Antes de salir del hospital, Maria y Juancho se pasaron a verme. ¡Gracias a Dios ellos no estaban enfadados! Por desgracia no eran portadores de buenas noticias…


Pedro sí estaba enfadado.


Lo entiendo. Si vio lo que yo creo que vio… Yo no estaría enfadada, estaría furiosa, iracunda y, casi con toda seguridad, con ganas de matar a alguien. Probablemente a la mujer que lo hubiera besado. Seguro que si Pedro se topara de nuevo con Santiago le partiría la cara bien a gusto.


A Santiago le puse los puntos sobre las íes y tuvo que meter el rabo entre las piernas y volver a Valencia, pero el mal ya estaba hecho.


Por desgracia, en lo que respecta al asunto de la oficina, no hay nada que hacer. Por lo visto, Santi sugirió el cierre y a los de arriba no les costó nada tomar la decisión de hacerlo. 


No es una oficina rentable y eso lo supe yo desde el primer día que puse un pie en ella. Antes o después tenía que suceder.


En cuanto a Pedro, hemos rescindido el contrato de alquiler. 


Fui a casa a recoger mis cosas aprovechando que él todavía seguía en el hospital. Ya me había dejado bien claro que no quería saber nada de mí y no quería encontrármelo. Habría sido demasiado duro.

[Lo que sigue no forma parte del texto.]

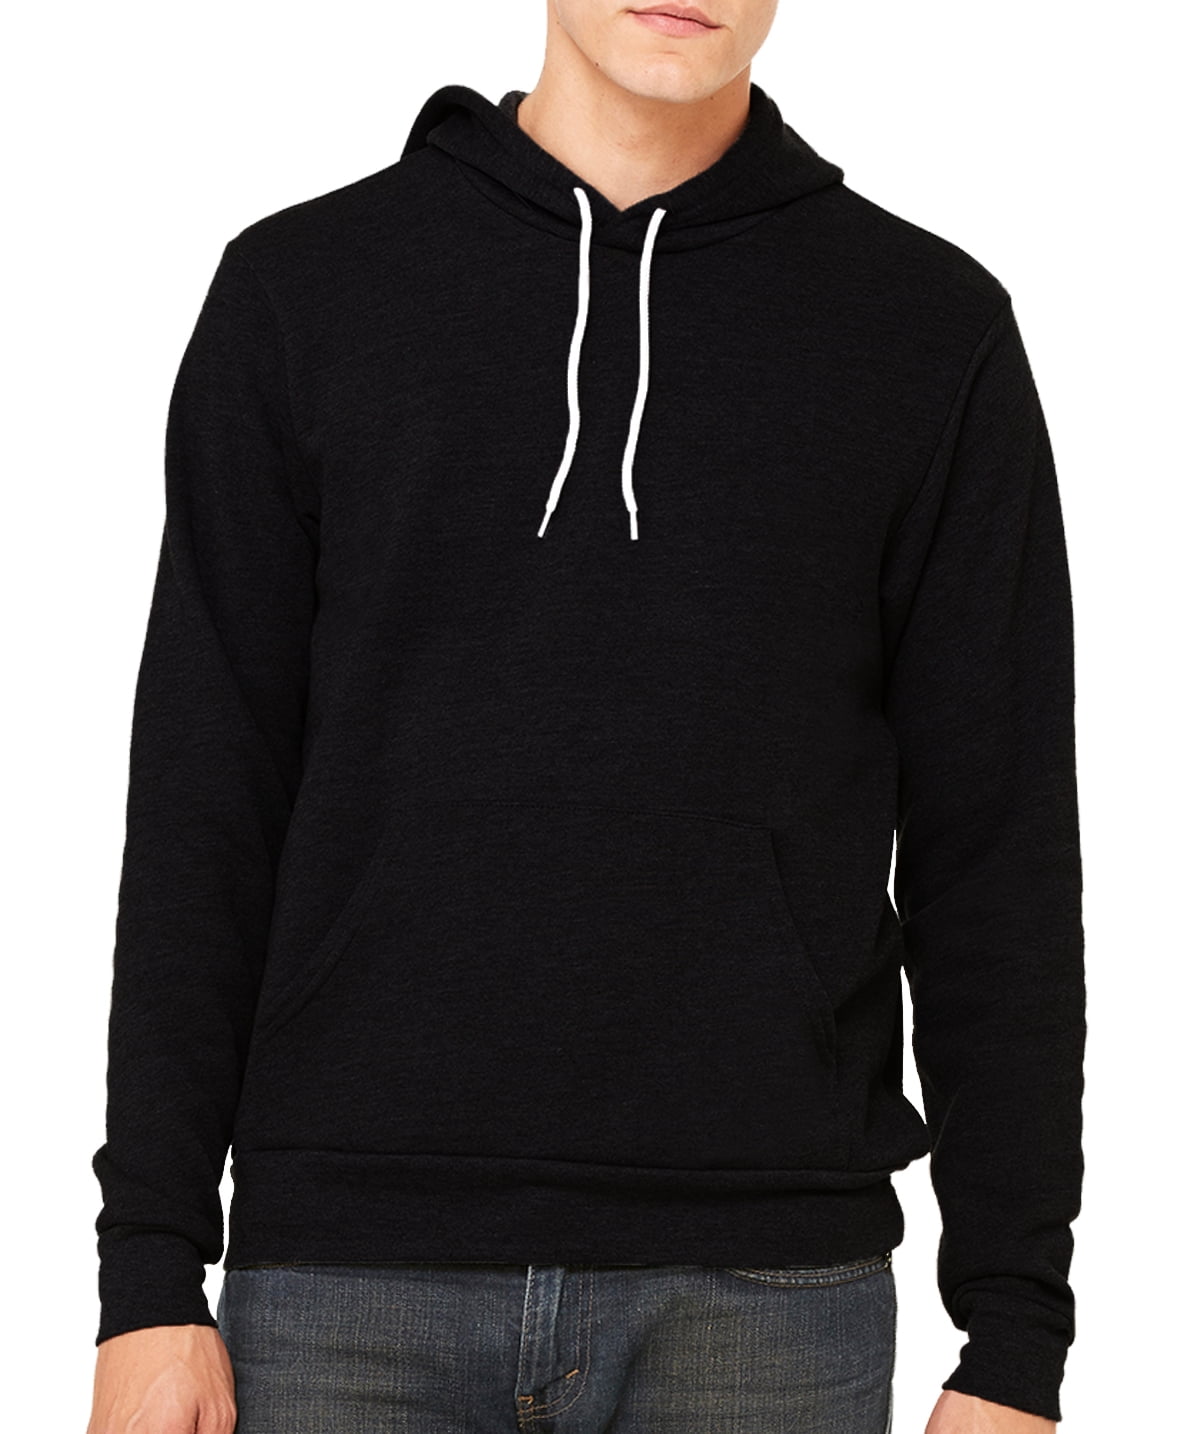 Unisex Hooded Sweater, Cotton/Poly Plain Hoodie - Black MH200HOOD 2XL ...

Hice un par de intentos de hablar con él y arreglar las cosas mientras estuve ingresada en el hospital, pero no quiso tener nada que ver conmigo. ¡El muy imbécil llamó a la enfermera e hizo que me sacaran de la habitación!


He seguido probando por mensaje, teléfono… y nada. La callada por respuesta.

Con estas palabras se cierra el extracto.